▸ Dataset excerpt
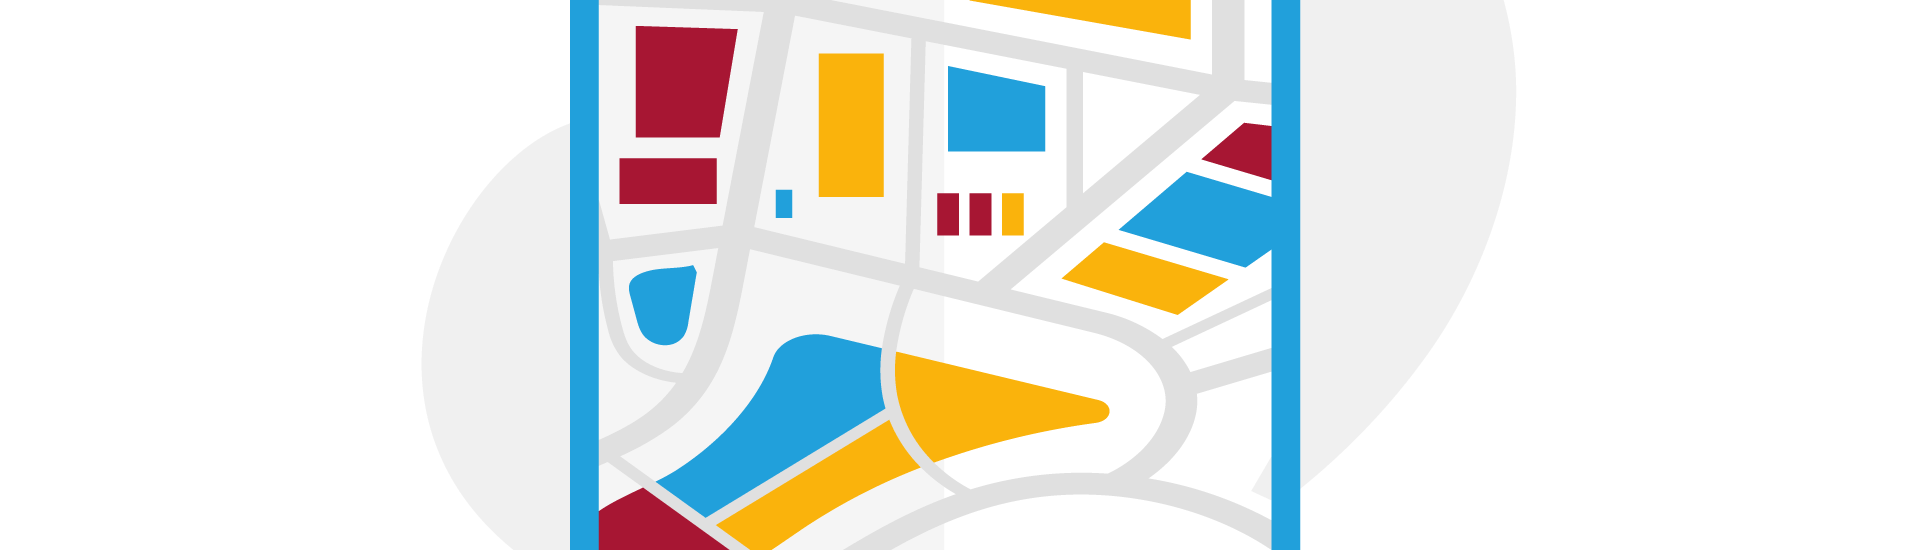 Illustration zum Flächennutzungsplan. Stadtplan mit farbig markierten Flächen. (c) Freepik Storyset
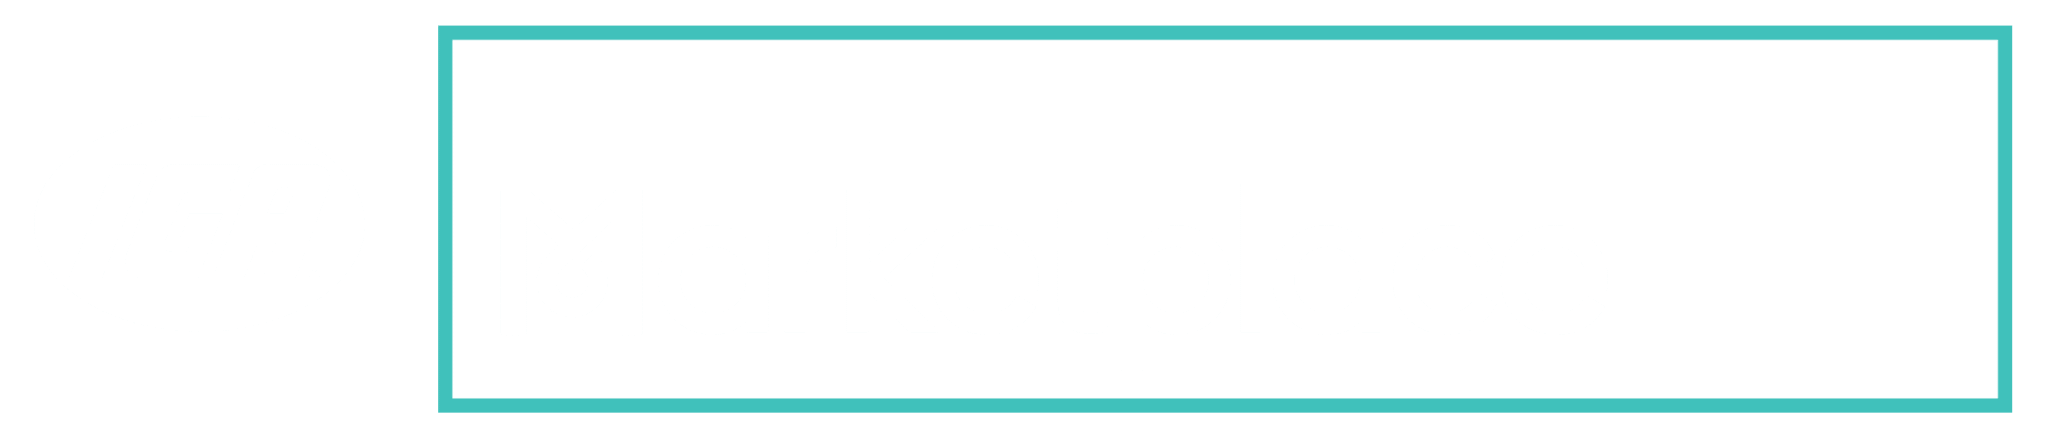 Iga Marketplace Horizontal Logo Reverse
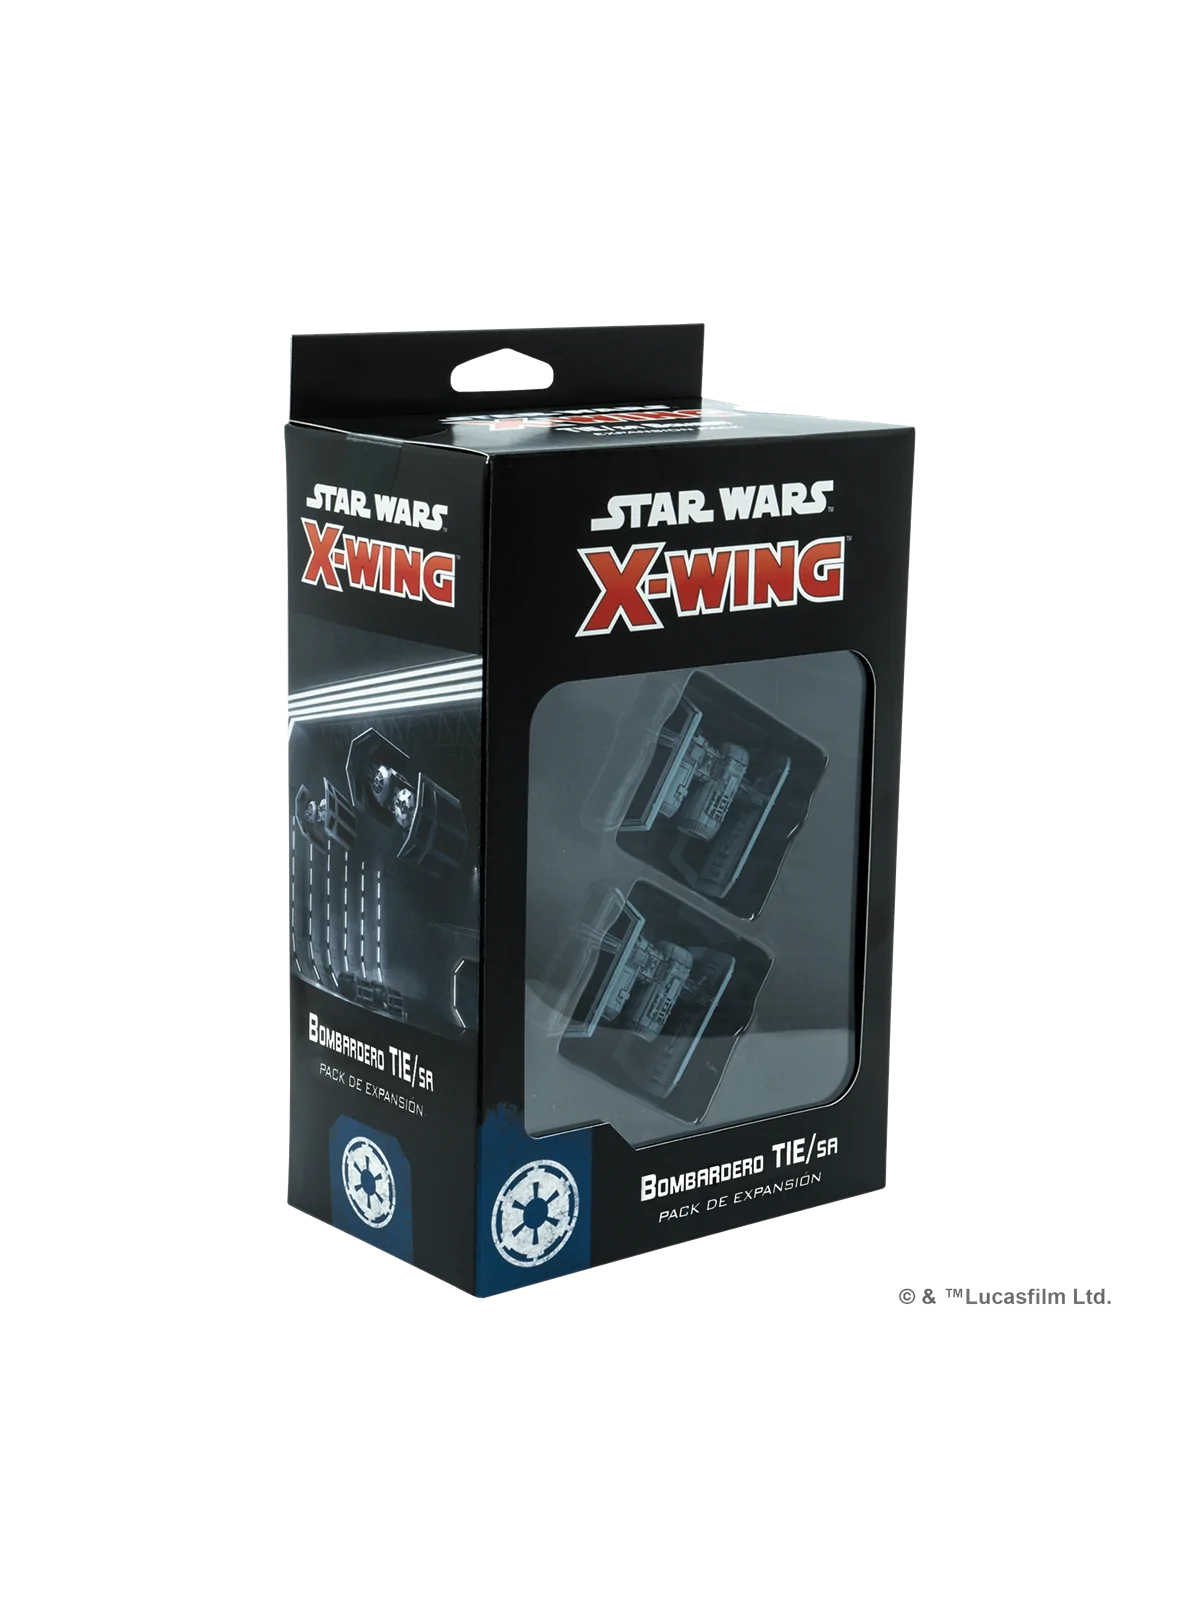 Comprar Star Wars X-Wing: Bombardero TIE/sa barato al mejor precio 40,

▸ What the task requires
Every line of the data above is to be set down word for word, with the pictures left out.

▸ Response for this exercise
 Illustration zum Flächennutzungsplan. Stadtplan mit farbig markierten Flächen. (c) Freepik Storyset
 Iga Marketplace Horizontal Logo Reverse
 Comprar Star Wars X-Wing: Bombardero TIE/sa barato al mejor precio 40,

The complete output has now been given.